The aggregate percentage of Class A Common Stock beneficially owned by each of the Reporting Persons is calculated based upon 28,750,000 shares of Class A Common Stock and 7,187,500 shares of Class B common stock outstanding as of December 15, 2021, as reported by the Issuer in its Quarterly Report on Form 10-Q, as amended, filed with the Securities and Exchange Commission on December 15, 2021, adjusted for the shares of Class A Common Stock issuable upon conversion of the shares of Class B Common Stock held by the Sponsor.

 

Item 5.

Ownership of Five Percent or Less of a Class.

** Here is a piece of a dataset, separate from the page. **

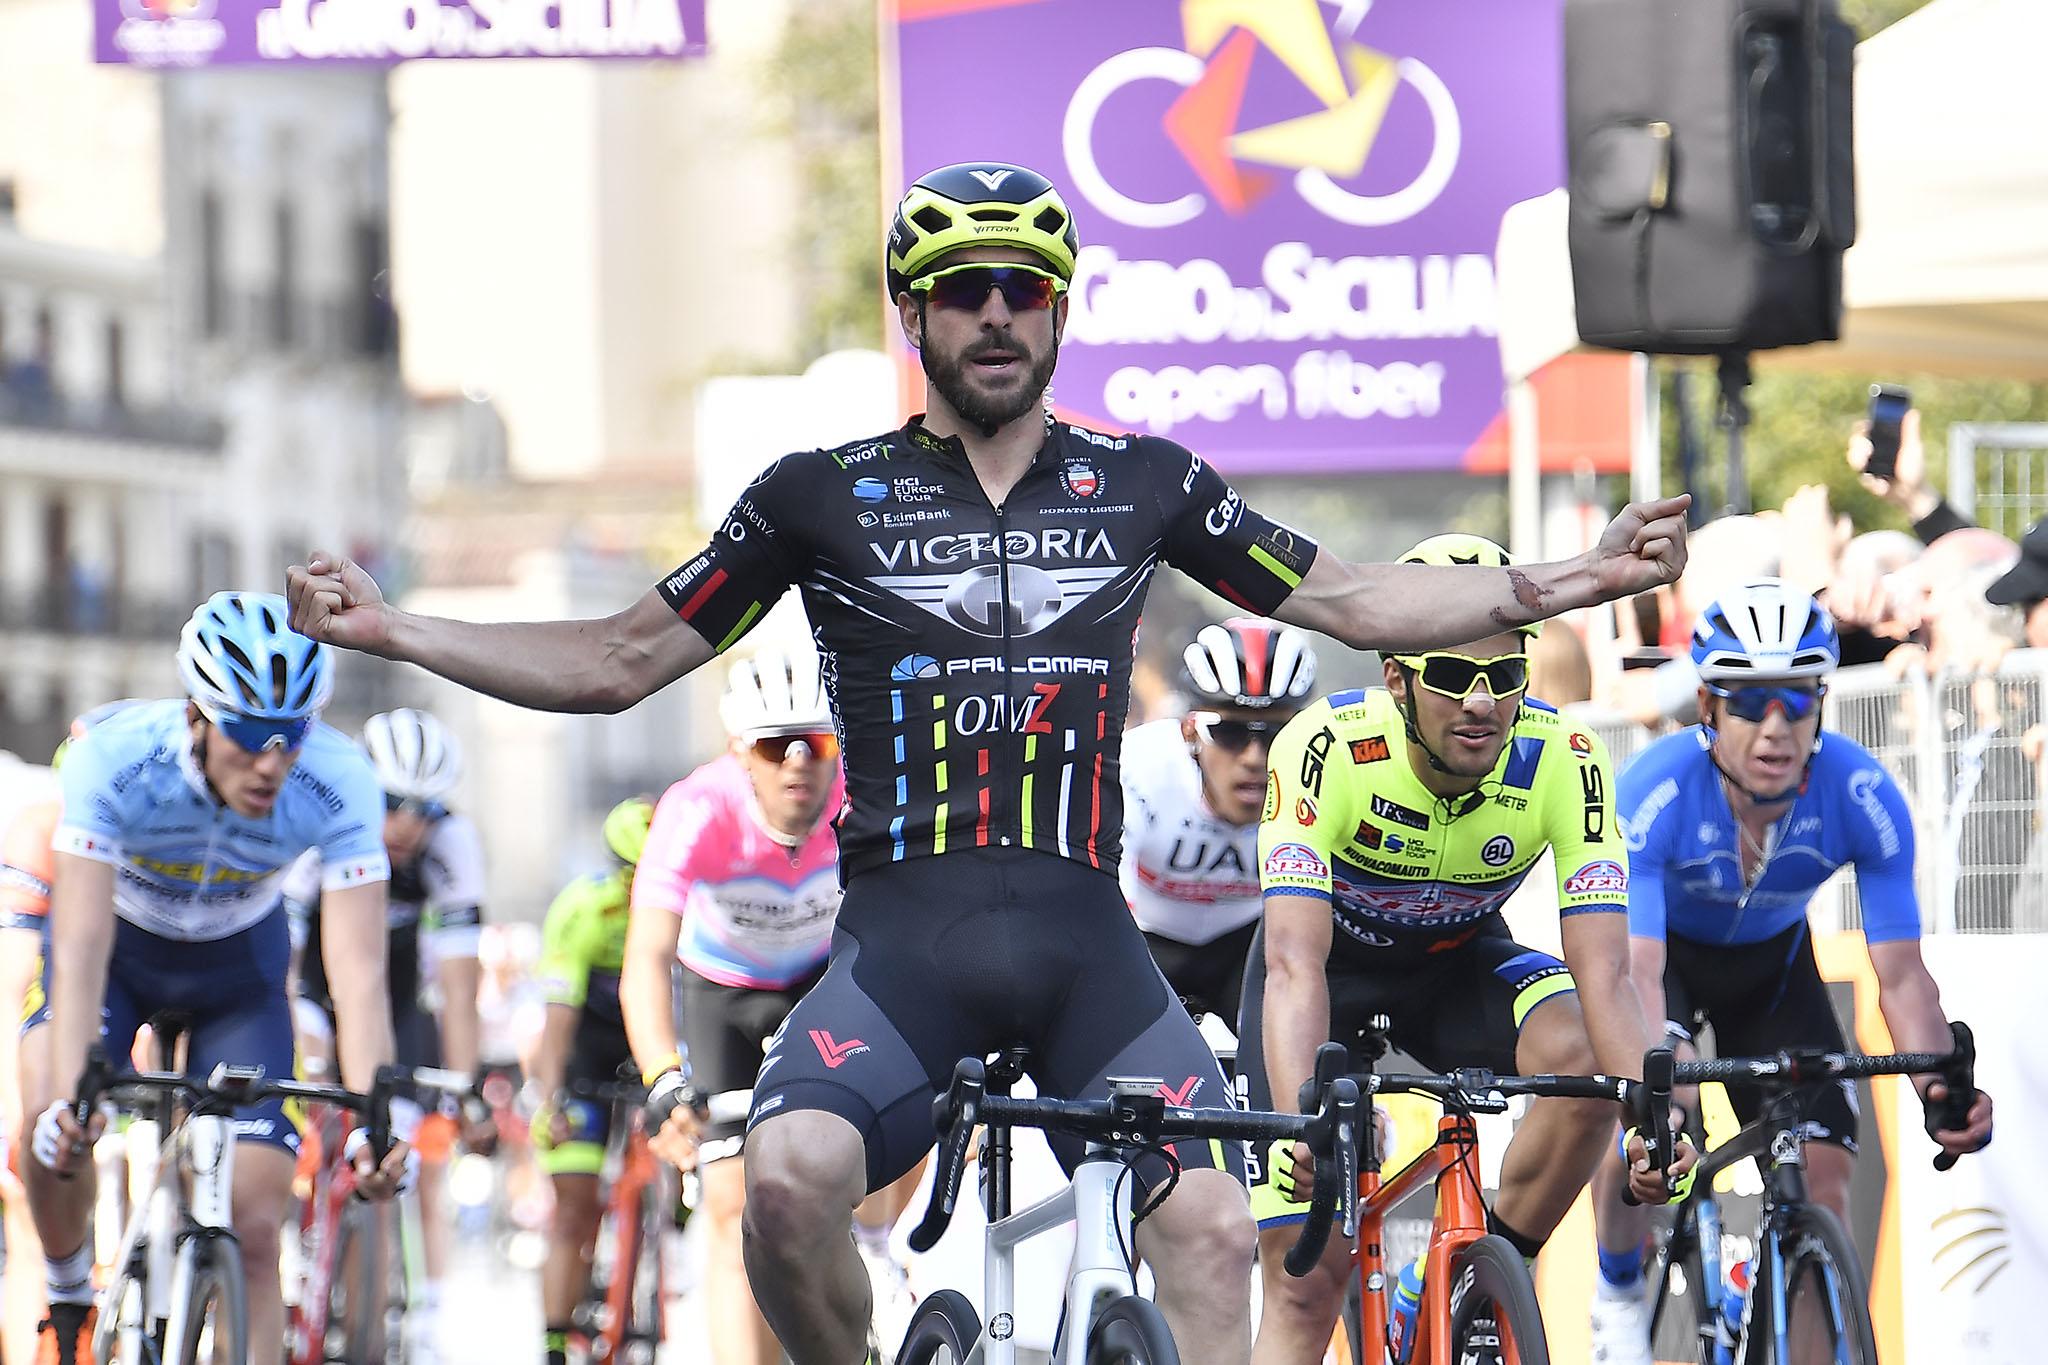 Giro di Sicilia, Stacchiotti si aggiudica la prima tappa sul traguardo di Milazzo

If this statement is being filed to report the fact that as of the date hereof the reporting person has ceased to be the beneficial owner of more than five percent of the class of securities, check the following  ☐.

Not Applicable.

 

Item 6.

Ownership of More Than Five Percent on Behalf of Another Person.

Not Applicable.

 

Item 7.

Identification and Classification of the Subsidiary Which Acquired the Security Being Reported on By the Parent Holding Company or Control Person.

Not Applicable.

 

Item 8.

Identification and Classification of Members of the Group.

Not Applicable.


13G

 

CUSIP No. 00777J 109    Page 7 of 8 Pages

 

Item 9.

Notice of Dissolution of Group.

Not Applicable.

 

Item 10.

Certifications.

Not Applicable.


13G

 

CUSIP No. 00777J 109    Page 8 of 8 Pages

 

SIGNATURE

After reasonable inquiry and to the best of his or its knowledge and belief, each of the undersigned certifies that the information set forth in this statement is true, complete and correct.

 

Date: February 14, 2022
HLI SPONSOR, LLC
By:  

/s/ Jason Simon

  Name: Jason Simon
  Title: Attorney-in-Fact*

 

/s/ Jason Simon

Jason Simon, Attorney-in-Fact for Irwin Gold*

/s/ Jason Simon

Jason Simon, Attorney-in-Fact for Roy J. Katzovicz*

 

*

The Powers of Attorney given by each of HLI Sponsor, LLC and Irwin Gold were previously filed as exhibits 24.1 to the Form 3s filed with the SEC by (i) Irwin Gold on March 1, 2021 and (ii) HLI Sponsor, LLC and Roy J. Katzovicz on March 2, 2021 and are each herein incorporated by reference.